I find this to be intolerable, she wrote. She wanted an immediate hearing to rectify the problem. She said she had written every week since she was indicted late the previous year, and she was certain that the jail personnel was tampering with her mail.
The same old story. A broken freakin’ record.
By the end of the one-page letter, however, Jessica made a grave mistake—that is, if she was ever hoping to reach the judge on a personal level.
She blamed her legal woes on Judge Vinson. Jessica claimed that by the judge’s denial of her bond, Vinson had forced her to compromise her defense. Jessica wrote that the prosecution [was taking any] action [necessary], legal or illegal, to manipulate [her] conviction. A fair trial, in Jessica’s humble opinion, was now going to be impossible.
The court sent Jessica a form to fill out requesting new counsel. It was An Explanation of Your Complaint. It made the inmate state his or her case in writing, certifying that the words on the page were correct—and that he or she would be willing to sign a statement under oath. Jessica had her formal complaint notarized on January 8, 2003. Attached to it was a five-page explanation by Jessica of all the problems she’d allegedly had while incarcerated. It was a toned-down version of her previous diatribes to the judge.
A day later, Jessica sent a second letter “to whom it may concern,” this time trying to verify receipt of the complaint.

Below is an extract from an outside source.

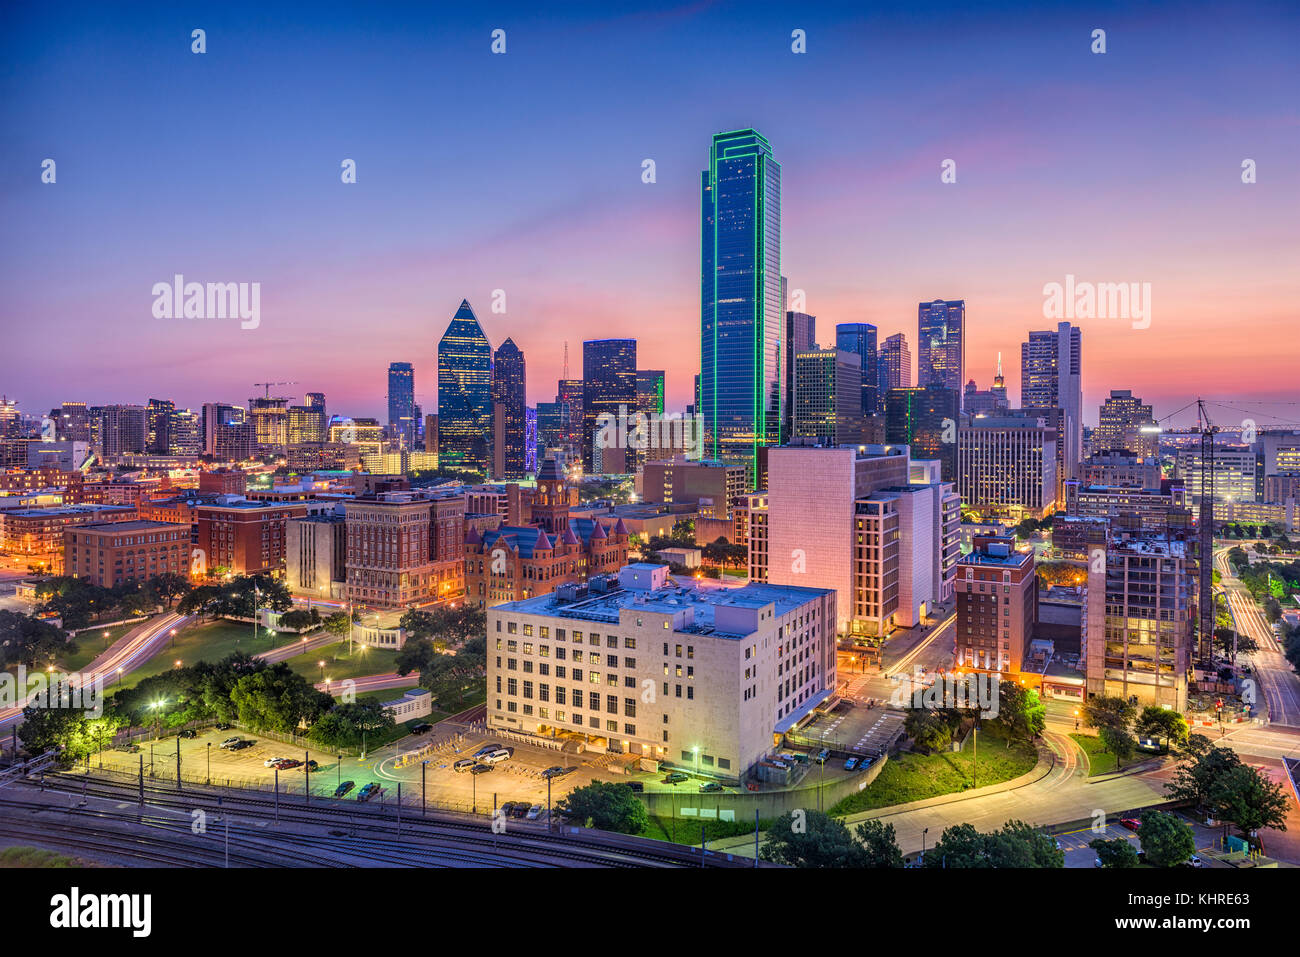 Downtown Dallas Tx Stock Photos Amp Downtown Dallas Tx Stock
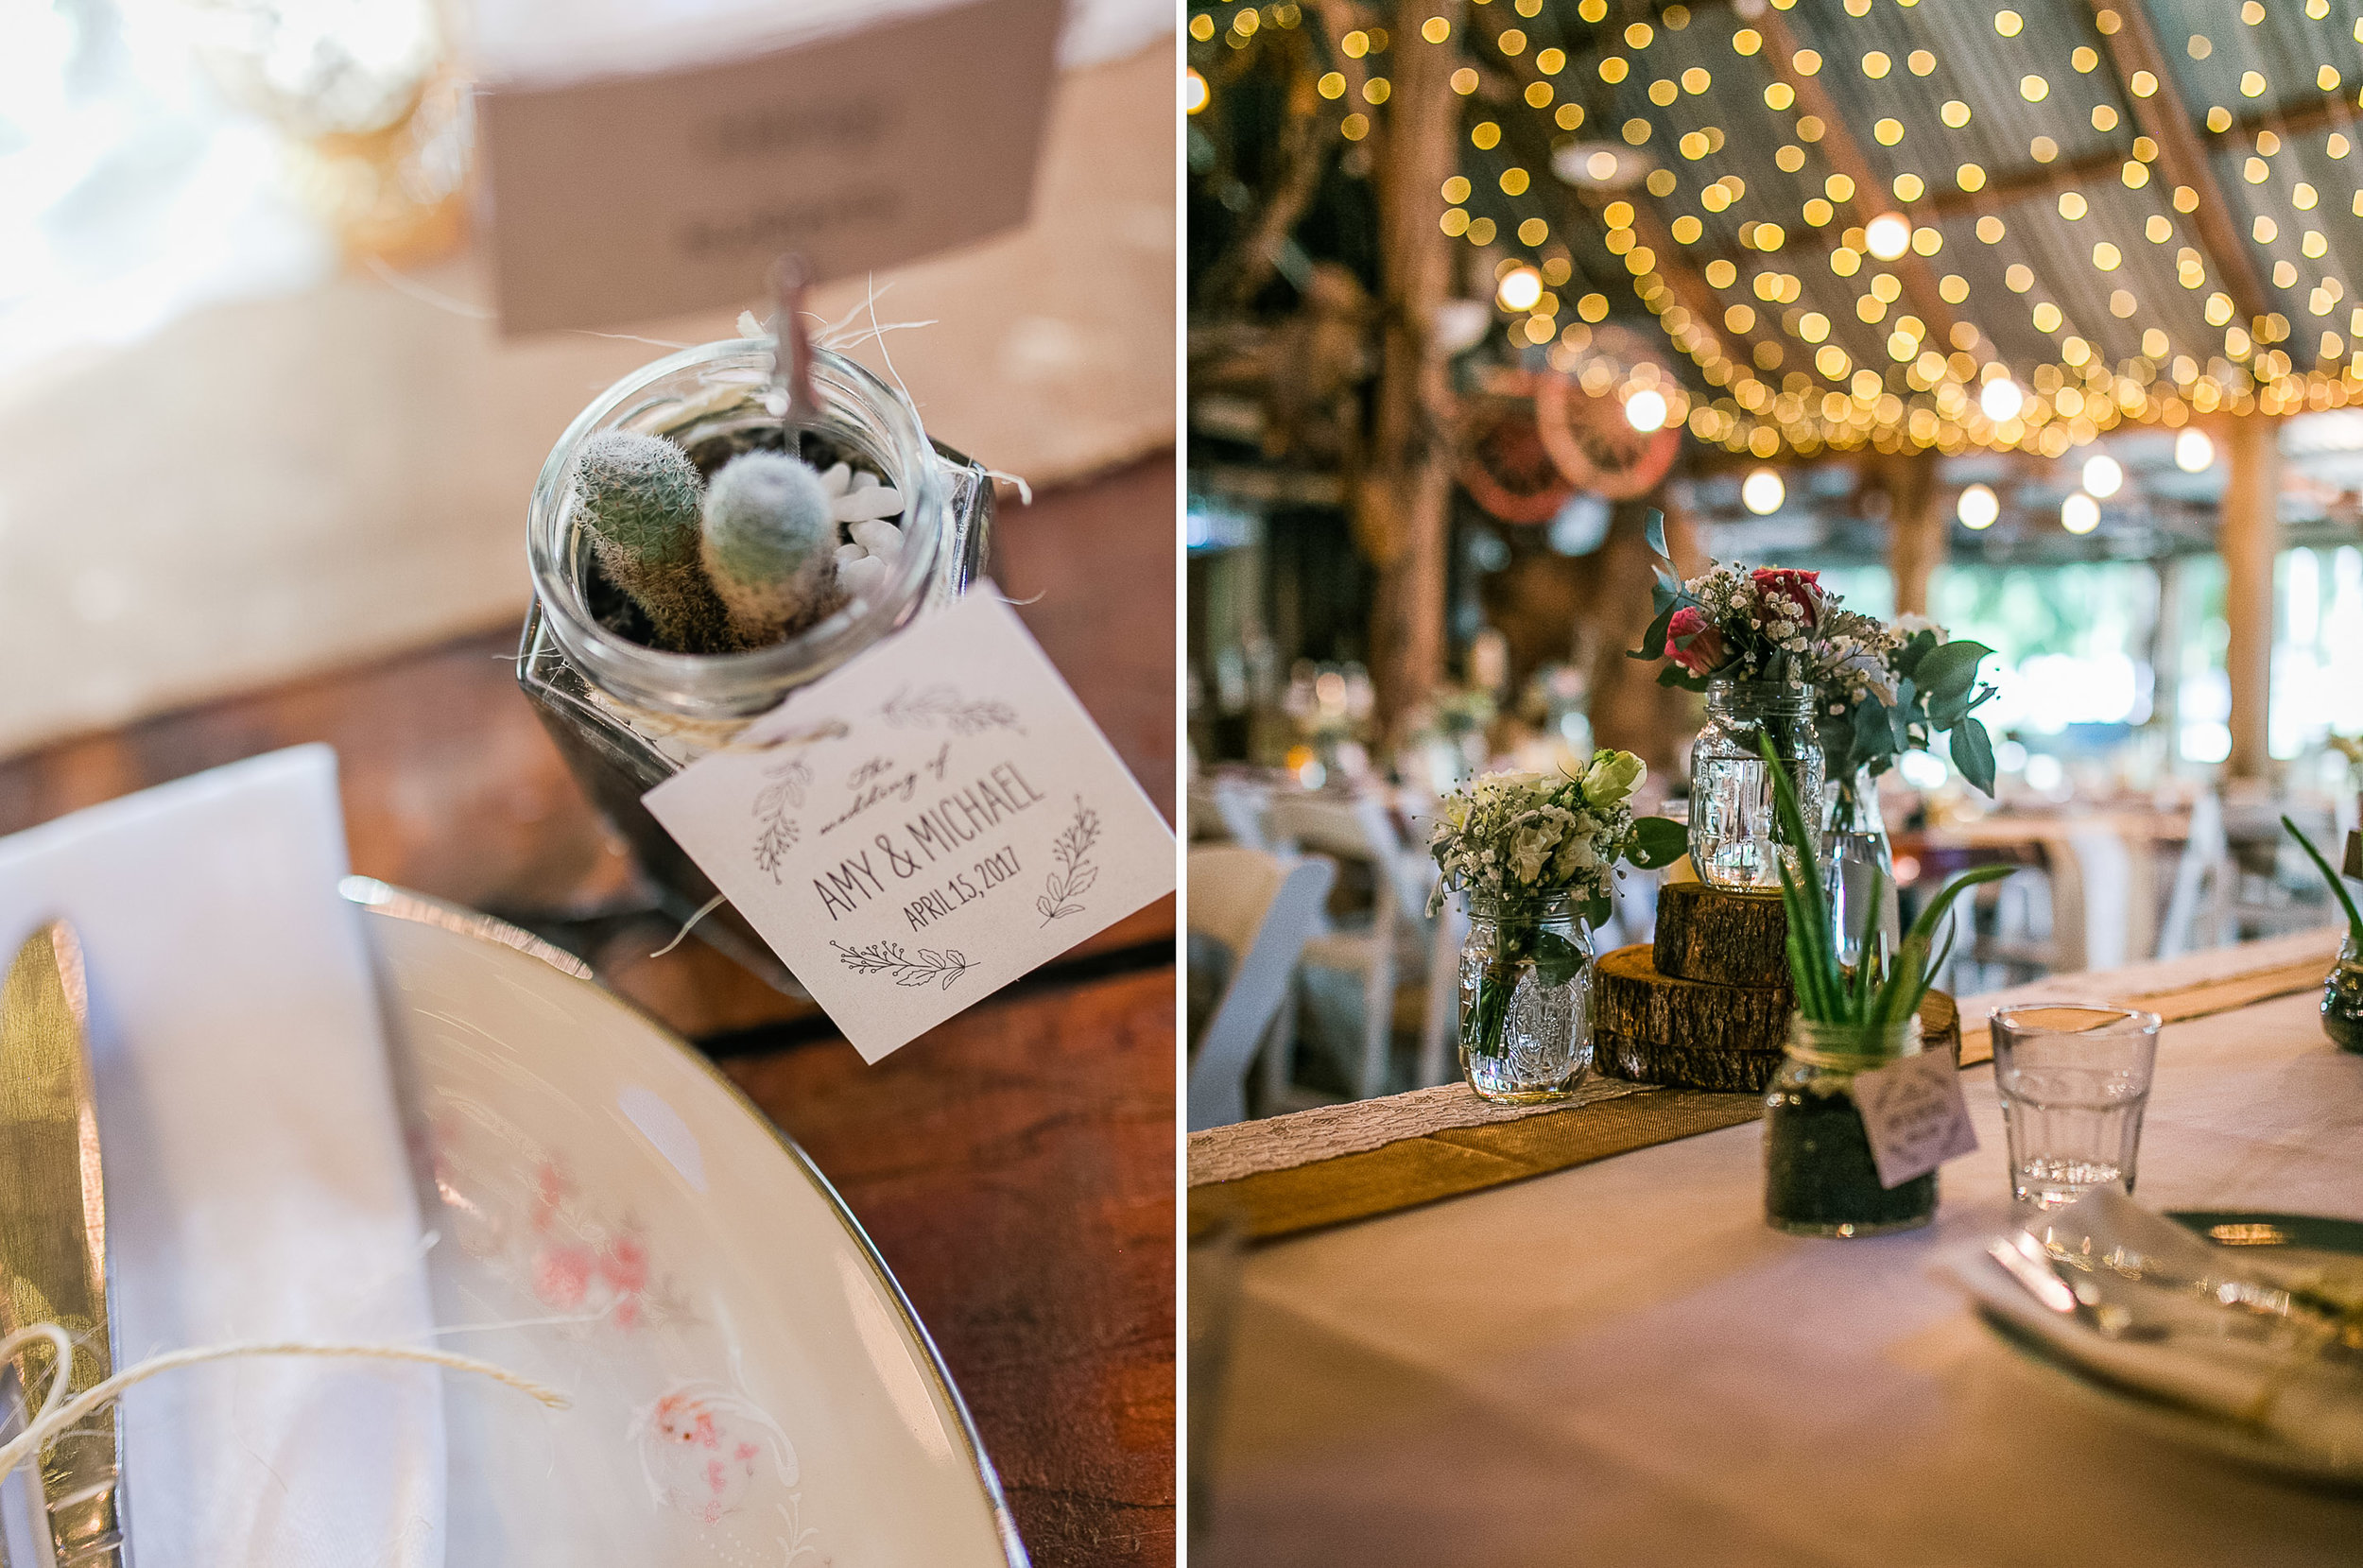 True North Photography_Boomerang Farm_Amy and Michael_Getting ready_Wedding Dress_Gold Coast Wedding_ Table Styling 3_Barn wedding.jpg

Again she talked about her mail being tampered with and—in not so many words—how the entire prison system was out to get her. She also mentioned the idea that she wanted to file multiple complaints.
The loss of control Jessica had in her life—being confined to jail and unable to find out what was going on or to call people and tell them off and to manipulate those in her life—was eating her up inside. You can sense it in the pages of her letters. The desperation. The lack of ability to let go. The impossibility to manage her own impulse to reach out and attack people. Jessica McCord could not shut up, do her time and wait for her chance to speak in court. She had to get her hands wet. As she had done with Alan all those years, she believed she could influence the court system enough to play by her rules. She obviously thought that by writing the letters, filing complaints, making erroneous accusations against anyone not on her side, she would one day see freedom—that someone would listen and understand and fight for her cause. She wrote letters to a judge of the court, asking question after question, expecting, somehow, that in the simple act of asking, the allegations alone would free her. There was never one bit of remorse, accountability or sorrow for the deaths of Alan and Terra, regardless if she was responsible or not. She never once mentioned the fact that her children were now without a father. The letters focused entirely on her own needs. Symptoms of narcissistic personality disorder bled from every stroke of her pen. Jessica failed to recognize or understand—or maybe thought she was beyond reproach to face double-murder charges—that two people had been viciously mowed down with a hail of bullets, and the evidence—all of it—pointed to her and her husband.